DeploymentFoundry accountRegion
Kimi-K2.6aucert-aiwestus
DeepSeek-V3.2aucert-aiwestus
gpt-5.1-codex (retired)aucert-aiwestus
gpt-5.4aucert-aiwestus
gpt-5.3-codexaucert-aiwestus
gpt-5.4-proaucert-ai-easteastus2

See ADR-008 (§Amendment 2026-04-20) for the region strategy and the dual-account rationale.

Deviation from original intent: the pipeline model mapping table earlier in this ADR treats the Decision layer as three sub-roles (standard, complex, code-specific) served by three deployments. Those deployments now live in two different Foundry accounts. Backend routing selects the endpoint per model; semantically nothing changes.

Amendment — 2026-05-03

Decision: Replace Kimi K2.5 with Kimi K2.6 for L1 Generation. Remove the dedicated gpt-4o-mini deployment for L5 Reporting; alias L5 onto the Kimi-K2.6 deployment as a placeholder. Rename all Foundry deployments so deployment name matches the underlying model name exactly (case + dots).

Rationale:

  • K2.6 (Moonshot version 2026-04-20) supersedes K2.5 in capability while remaining in the same cost band. Confirmed available in westus on 2026-05-03 via az cognitiveservices model list.
  • gpt-4o-mini retires 2026-09-30 (per Foundry portal). Removing it now and pointing L5 at the existing K2.6 deployment is simpler than introducing a new mini-tier deployment, and the cost delta is rounding error at MVP volume.
  • Deployment-name-equals-model-name (e.g., Kimi-K2.6, gpt-5.1-codex) eliminates the dash-vs-dot footgun previously called out in the foundry usage guide.
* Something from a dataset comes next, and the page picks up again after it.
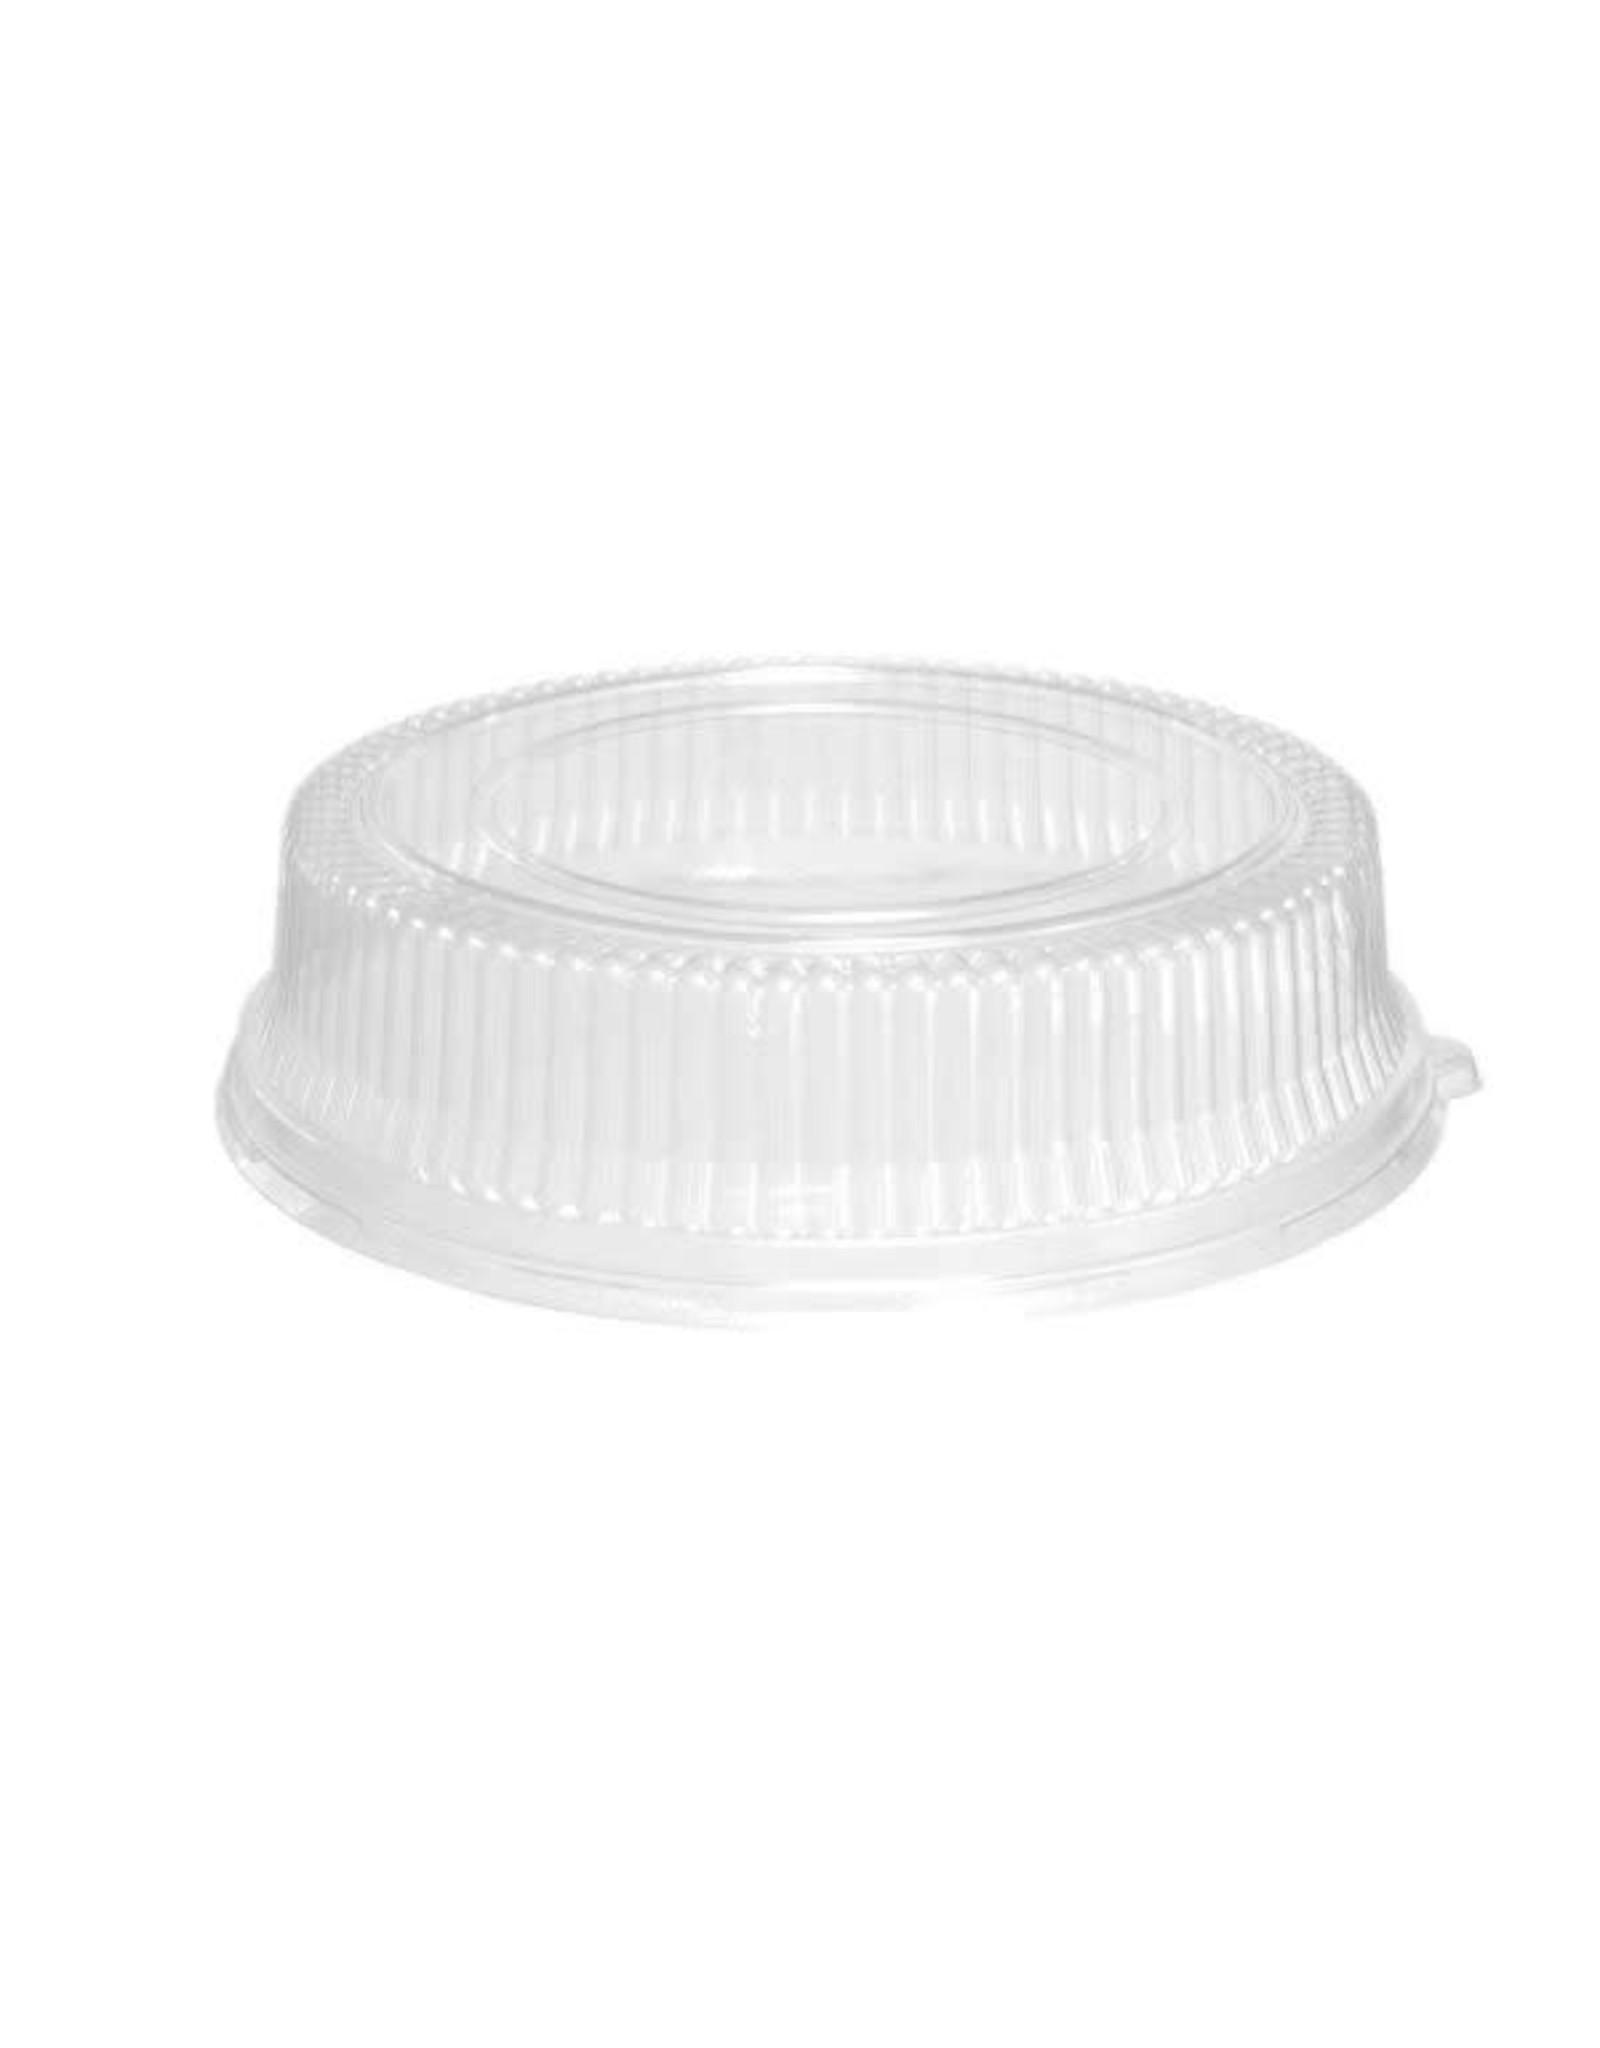 "northwest 12"" Clear Plastic Dome Lids - 1ct."
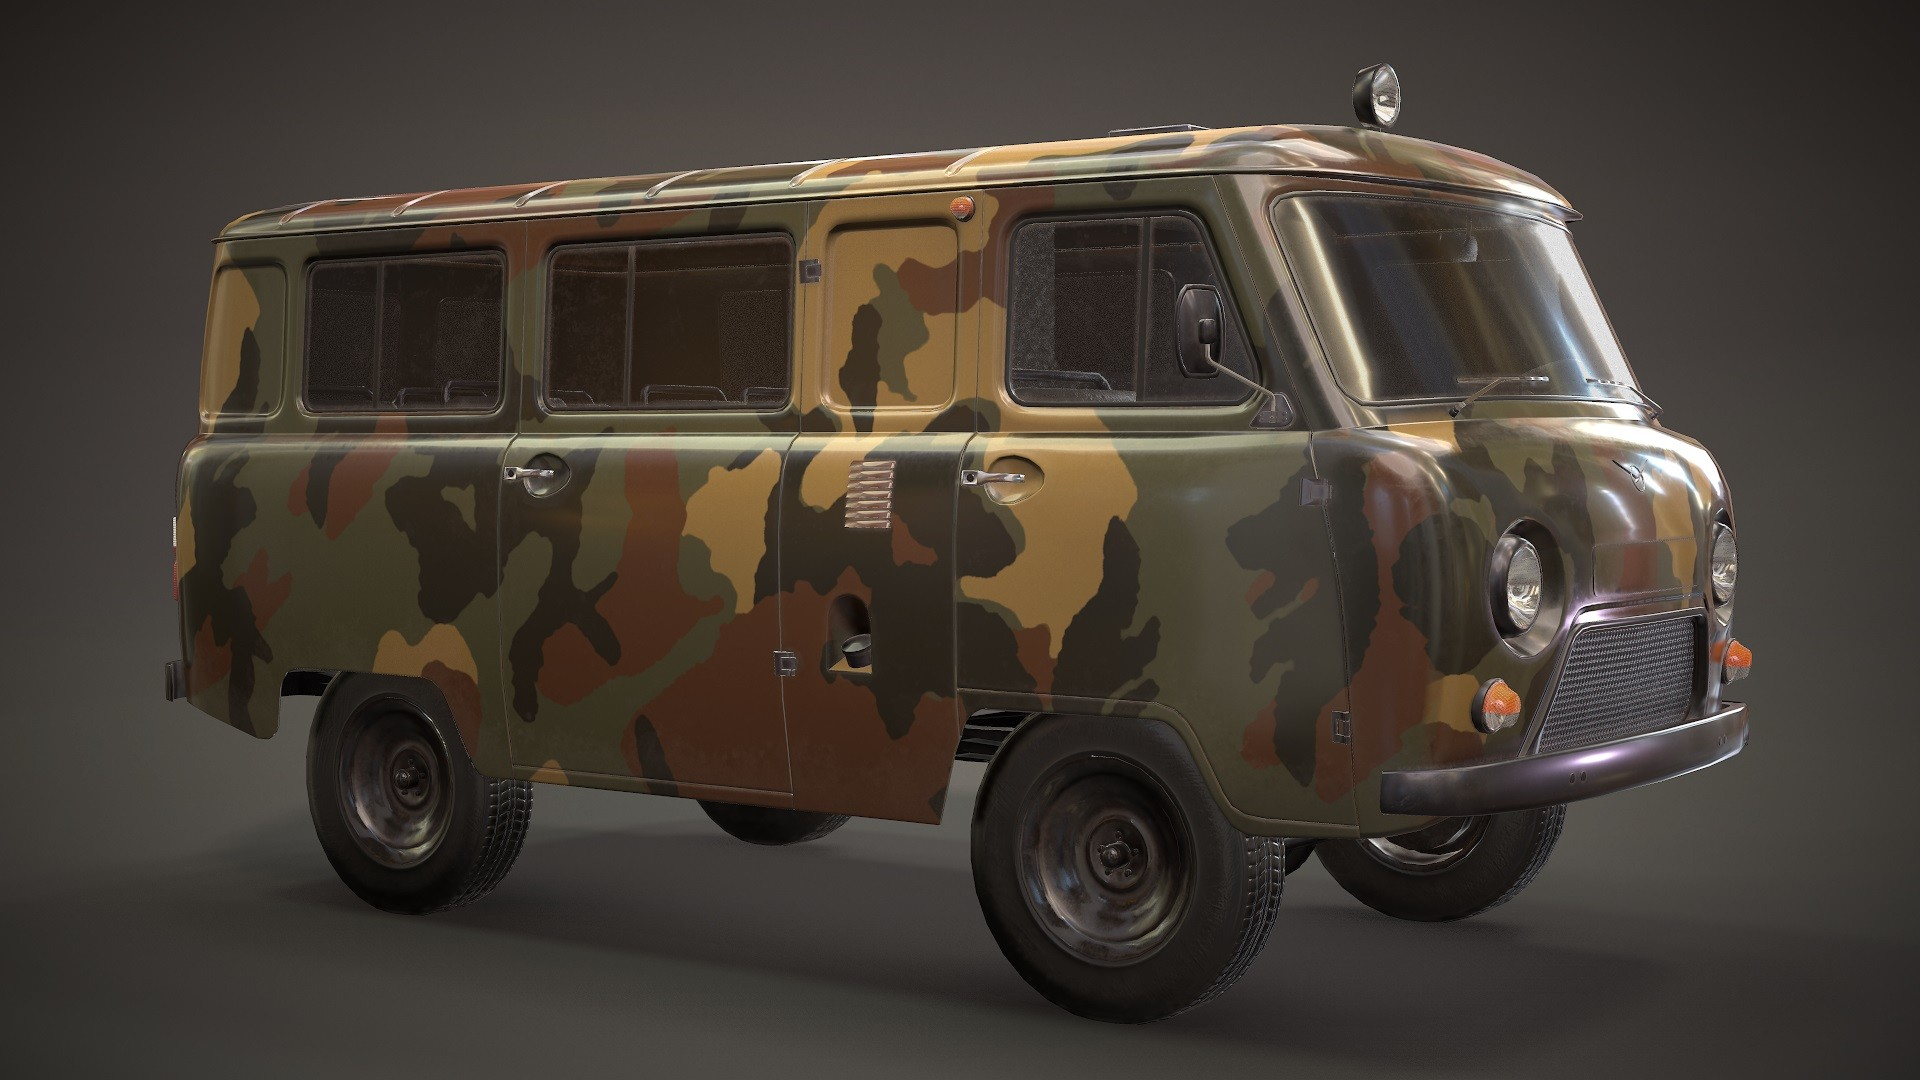 houstera-studio-uaz-452-2206-military-re

Required for opencode and portal triage.

Changes made:

  • infra/terraform/foundation/foundry.tf: Renamed gpt_51_codex/deepseek_v32/gpt_54/gpt_53_codex name fields to match their model names exactly. Removed gpt_4o_mini resource. Replaced kimi_k25 with kimi_k26 (Kimi-K2.6, version 2026-04-20).
  • infra/terraform/foundation/foundry-east.tf: Renamed gpt_54_pro deployment to gpt-5.4-pro.
  • infra/k8s/aucert-dev/llm-config.yaml: Updated all FOUNDRY_MODEL_* to the new exact deployment names. FOUNDRY_MODEL_REPORTING now points at Kimi-K2.6 (shared with L1).
  • infra/migrations/internal-shared/V006__seed_model_registry.sql: Rewritten to seed the new inventory for fresh DBs.
  • infra/migrations/internal-shared/V013__update_foundry_model_registry.sql: Idempotent forward migration to bring already-provisioned DBs into line — renames provider_model_id values, deprecates kimi-k2-5 and gpt-4o-mini, inserts kimi-k2-6.

Revisit triggers:

  • L1 + L5 contention on the shared Kimi-K2.6 deployment causes 429s — split L5 onto a dedicated deployment (gpt-5.4-mini or gpt-5-nano are westus-available candidates).
  • Kimi K2.6 deprecated/replaced — swap and update both env-var pointers in lockstep.